Listed Building – Grade I
- Official name: Stourhead House
- Designated: 6 January 1966
- Reference no.: 1131104

National Register of Historic Parks and Gardens
- Official name: Stourhead
- Designated: 1 September 1987
- Reference no.: 1000471

Listed Building – Grade I
- Official name: The Palladian Bridge
- Designated: 6 January 1966
- Reference no.: 1131099

Listed Building – Grade I
- Official name: The Pantheon
- Designated: 6 January 1966
- Reference no.: 1131102

Listed Building – Grade I
- Official name: The Temple of Apollo
- Designated: 6 January 1966
- Reference no.: 1131100

= Stourhead =

Estate, grade I listed garden in England

Stourhead (/ˈstaʊərhɛd/) is a 1,072-hectare (2,650-acre) estate at the source of the River Stour in the southwest of the English county of Wiltshire, extending into Somerset.

The estate is about 2+1/2 mi northwest of the town of Mere and includes a Grade I listed 18th-century Neo-Palladian mansion, the village of Stourton, one of the most famous gardens in the English landscape garden style, farmland, and woodland. Stourhead has been part-owned by the National Trust since 1946.

==House==
The Stourton family had lived at the Stourhead estate for 500 years until they sold it to Sir Thomas Meres in 1714. His son, John Meres, sold it in 1717 to Henry Hoare, son of wealthy banker Sir Richard Hoare. The original manor house was demolished and a new house, one of the first of its kind, was designed by Colen Campbell and built by Nathaniel Ireson between 1721 and 1725.

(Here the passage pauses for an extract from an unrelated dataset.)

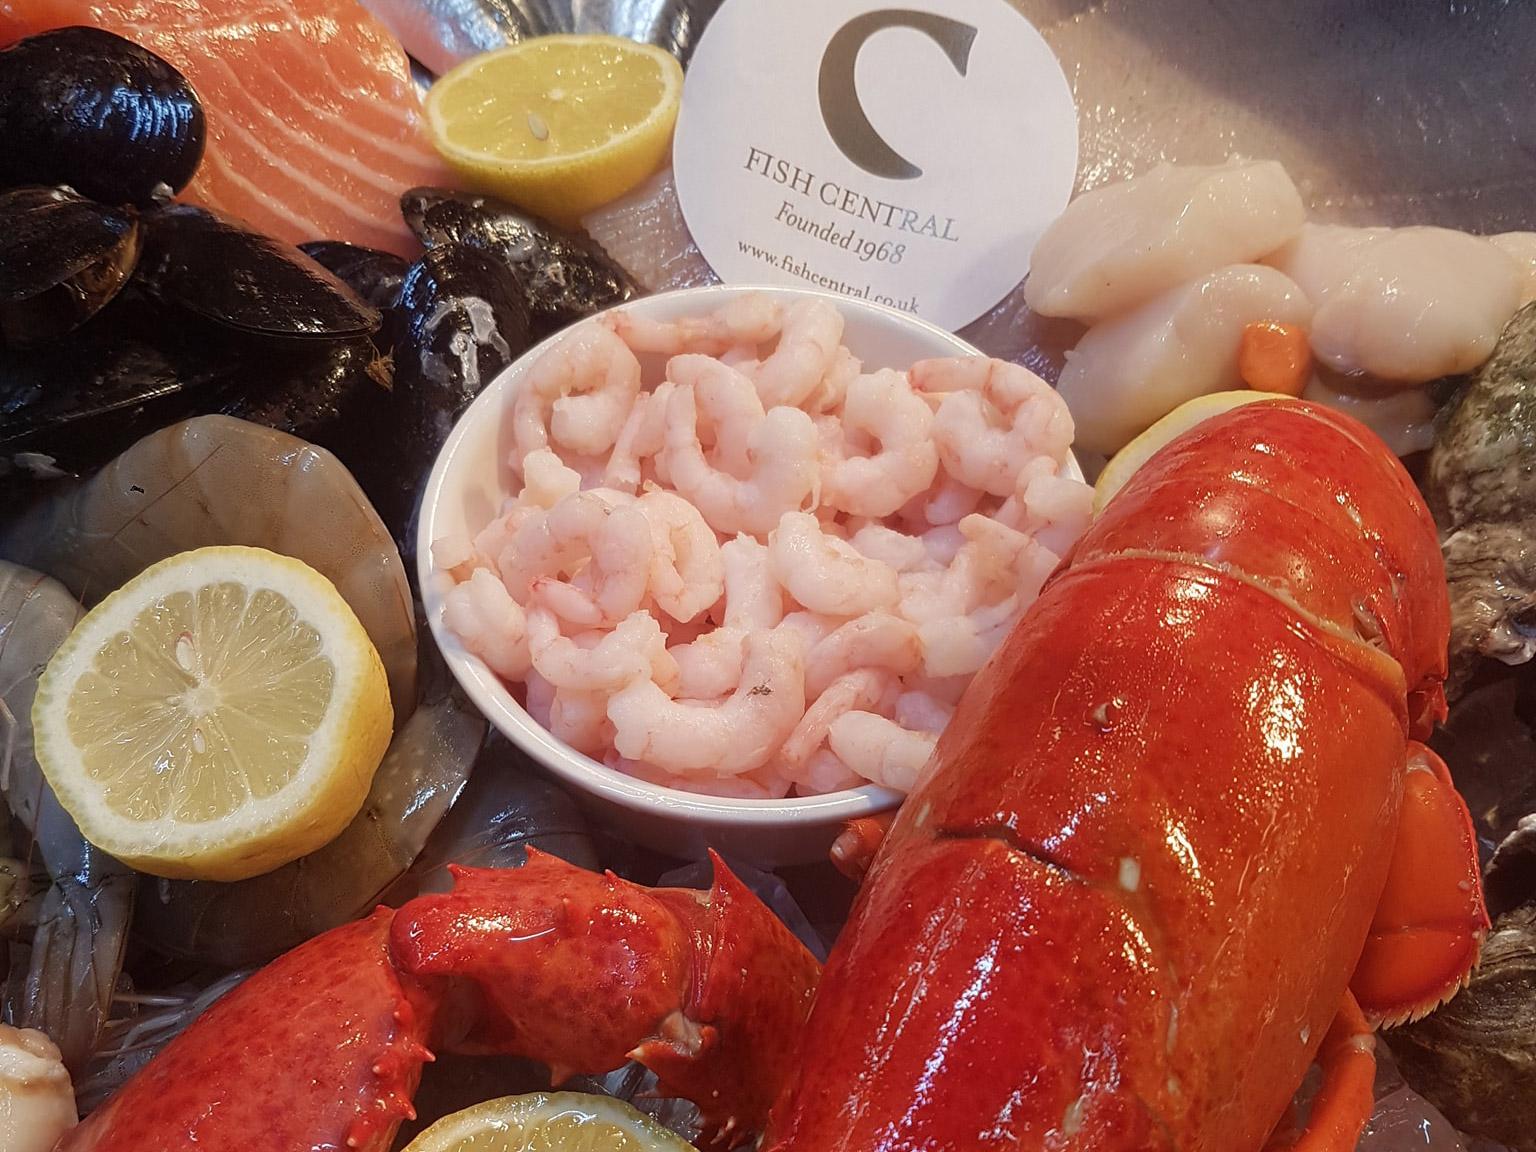 倫敦必吃9大傳統美食餐點和餐廳推薦:Fish Central Restaurant

Over the next 200 years, the Hoare family collected many heirlooms, including a large library and art collection. In 1902, the house was gutted by fire but many of the heirlooms were saved, and the house was rebuilt in a nearly identical style.

The last Hoare family member to own the property, Sir Henry Hugh Arthur Hoare, 6th Baronet, gave the house and gardens to the National Trust in 1946, one year before his death. His son and sole heir, Captain Henry Colt Arthur "Harry" Hoare, of the Queen's Own Dorset Yeomanry, had died of wounds received at the Battle of Mughar Ridge on 13 November 1917 during World War I.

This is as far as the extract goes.